John Kominoski, an associate professor of biological sciences at Florida International University in Miami, said the habitat where the fires burned has adapted to fire, because the area undergoes regular prescribed burns that help maintain the ecosystem. But those fires are planned and must occur under specific conditions, he said.

“Managed fire is a hugely important part of the Everglades ecosystems, but that management occurs at a window of time when the water levels are not too low and when wind levels are not too high,” said Kominoski, who also works on social-ecological research in the Everglades. “At the current time, we’re really getting into peak dry season. … It’s not a good time for intentional fires to be started.”

He said that if these areas are “burned out of sequence, it can be problematic for a habitat that has a lot of endangered species.”

Gantt said that because animals in the habitats where the fires occurred are regularly exposed to fires, they may move to safer ground when a fire occurs. The concerns with potential fires there involve the effect of smoke on local communities and the risk posed to firefighters and the public, she said.

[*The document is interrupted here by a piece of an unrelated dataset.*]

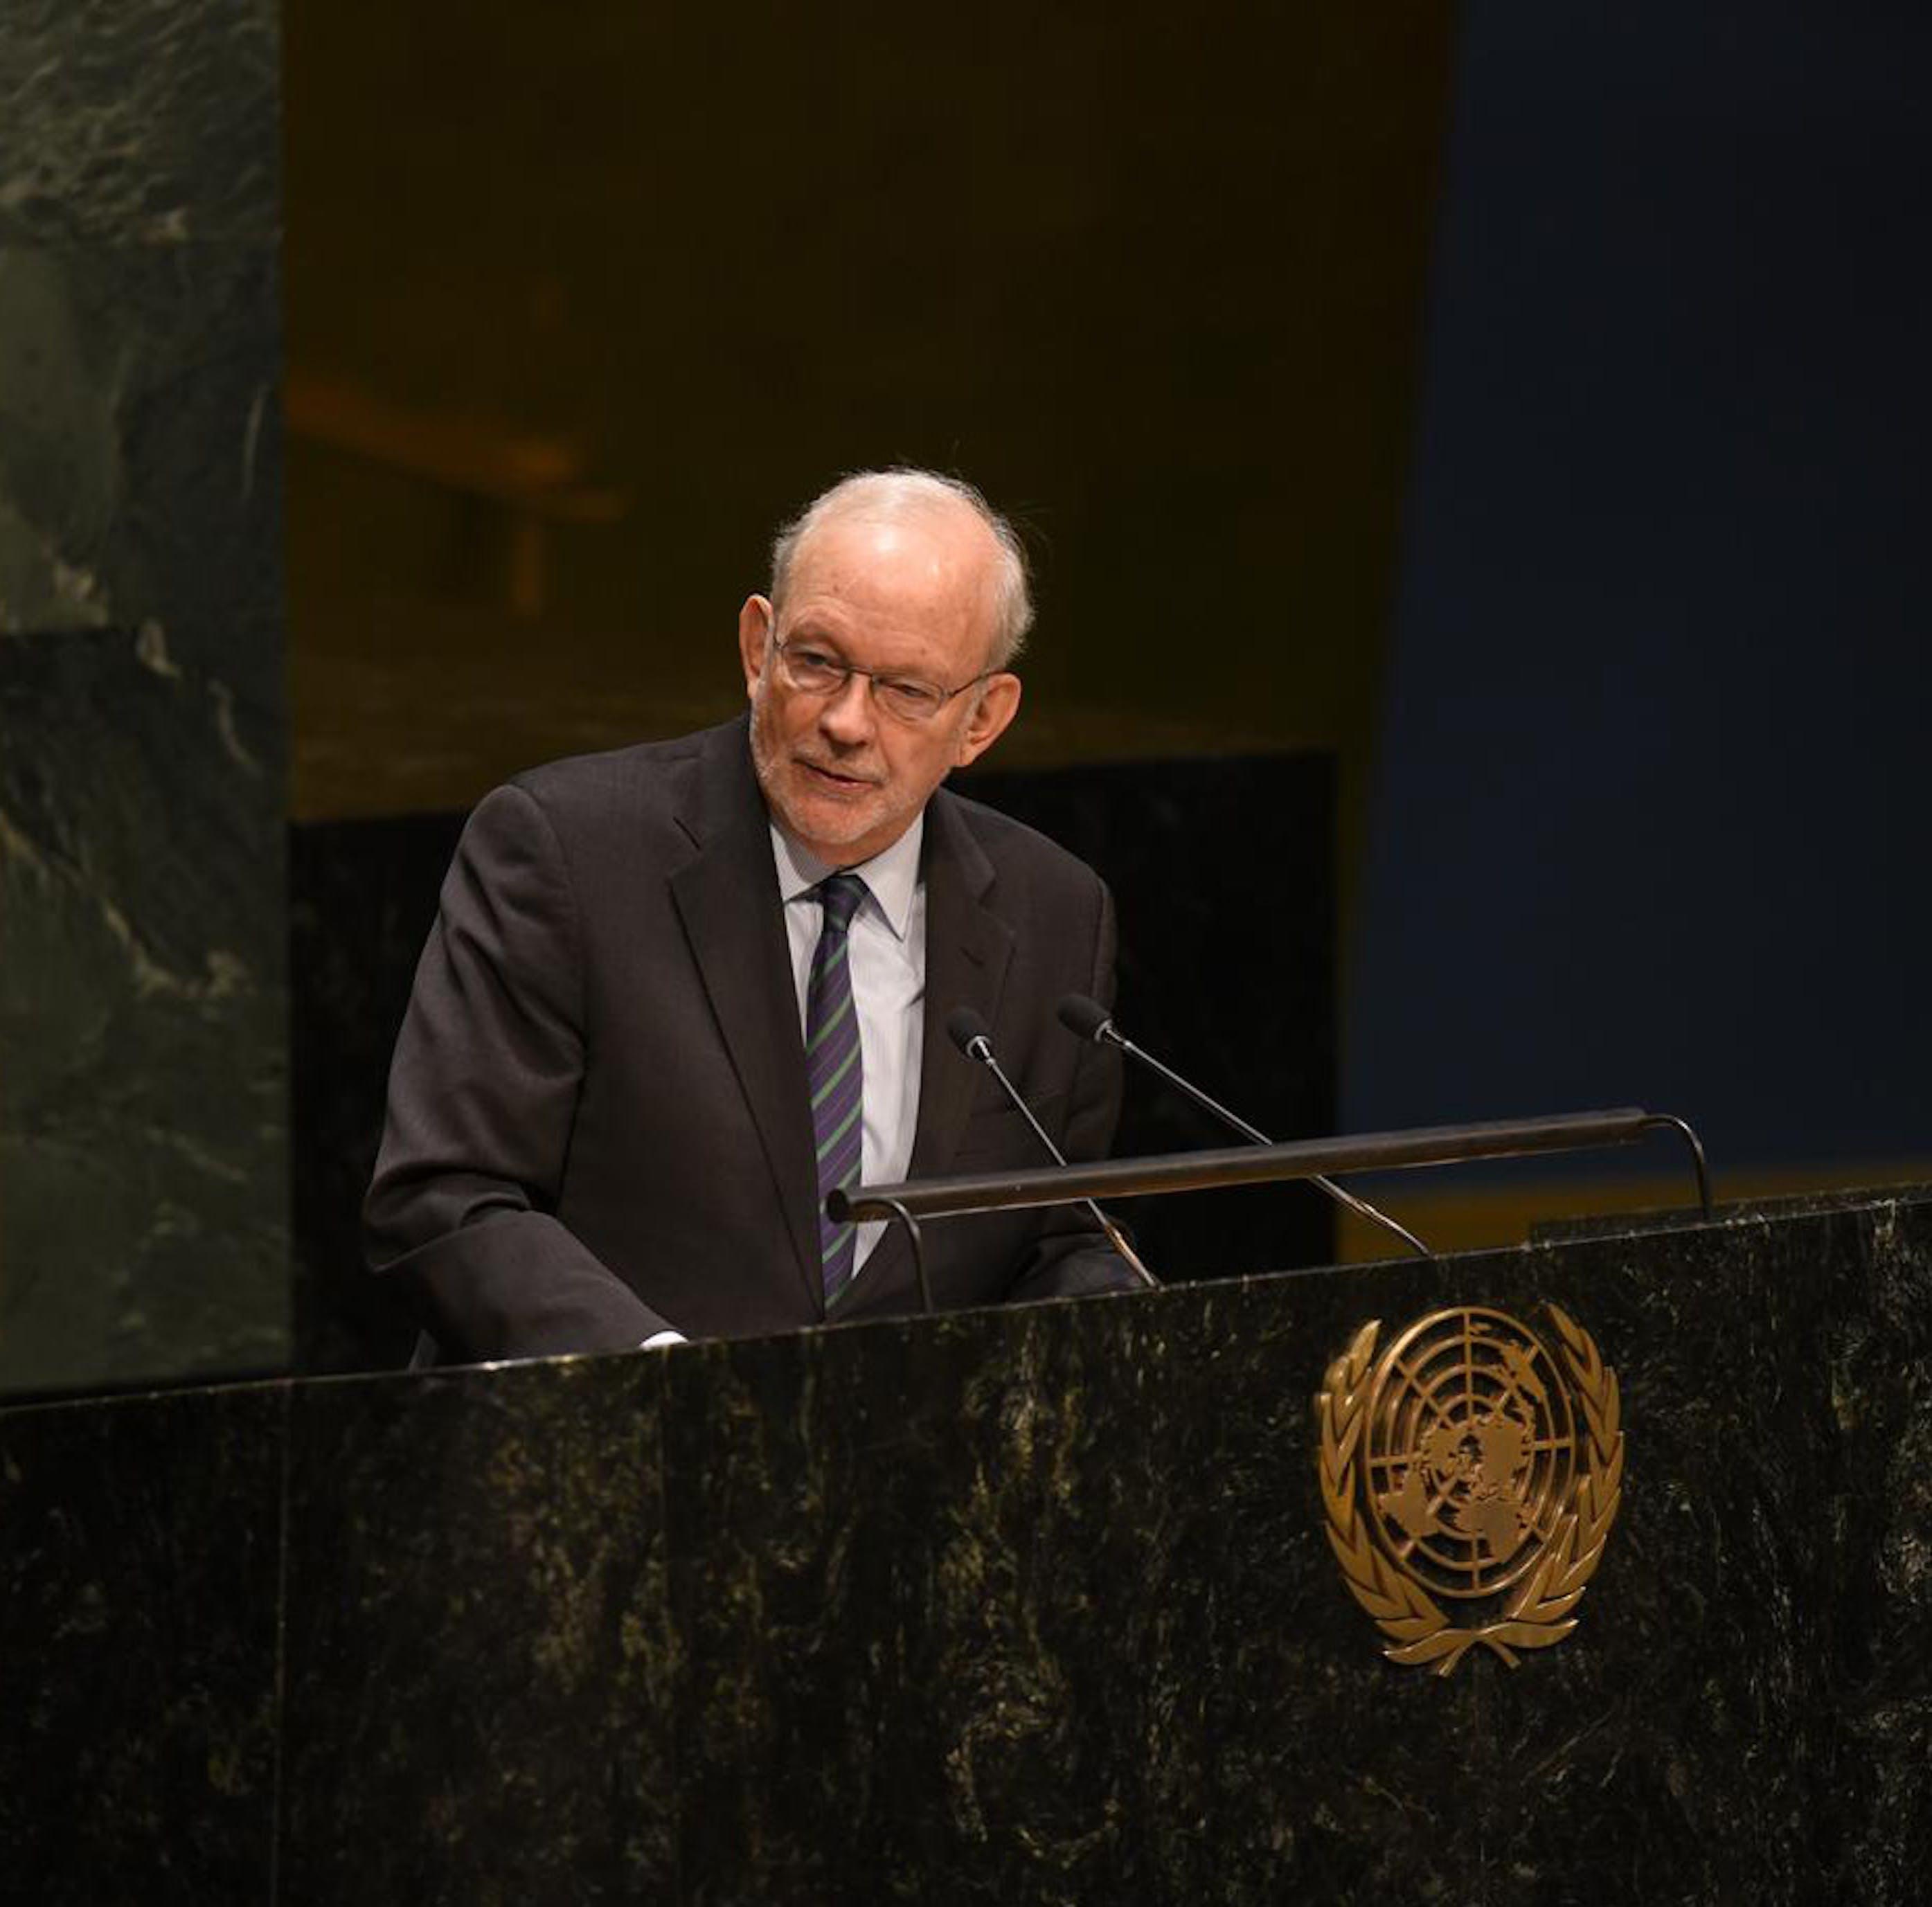 Il Direttore dell'UNICEF Anthony Lake nel corso di un suo recente intervento all'Assemblea Generale dell'ONU - ©UNICEF/NYHQ2014-3086/Berkwitz

Kominoski said one of the most striking things about Everglades National Park is how accessible it is to people and how narrow the boundary is between the wild land and where people live.

“That makes it a really wonderful resource to communities here, and I think a lot of people rely on that resource for recreation — especially during the pandemic,” he said. “They are publicly accessible places. And I think they should be protected as a public resource.”

To that end, he said, it’s important for people to know that the narrow boundary also means any fires “could burn out of control and burn into human areas.”

“There’s not zero risk of this,” he said.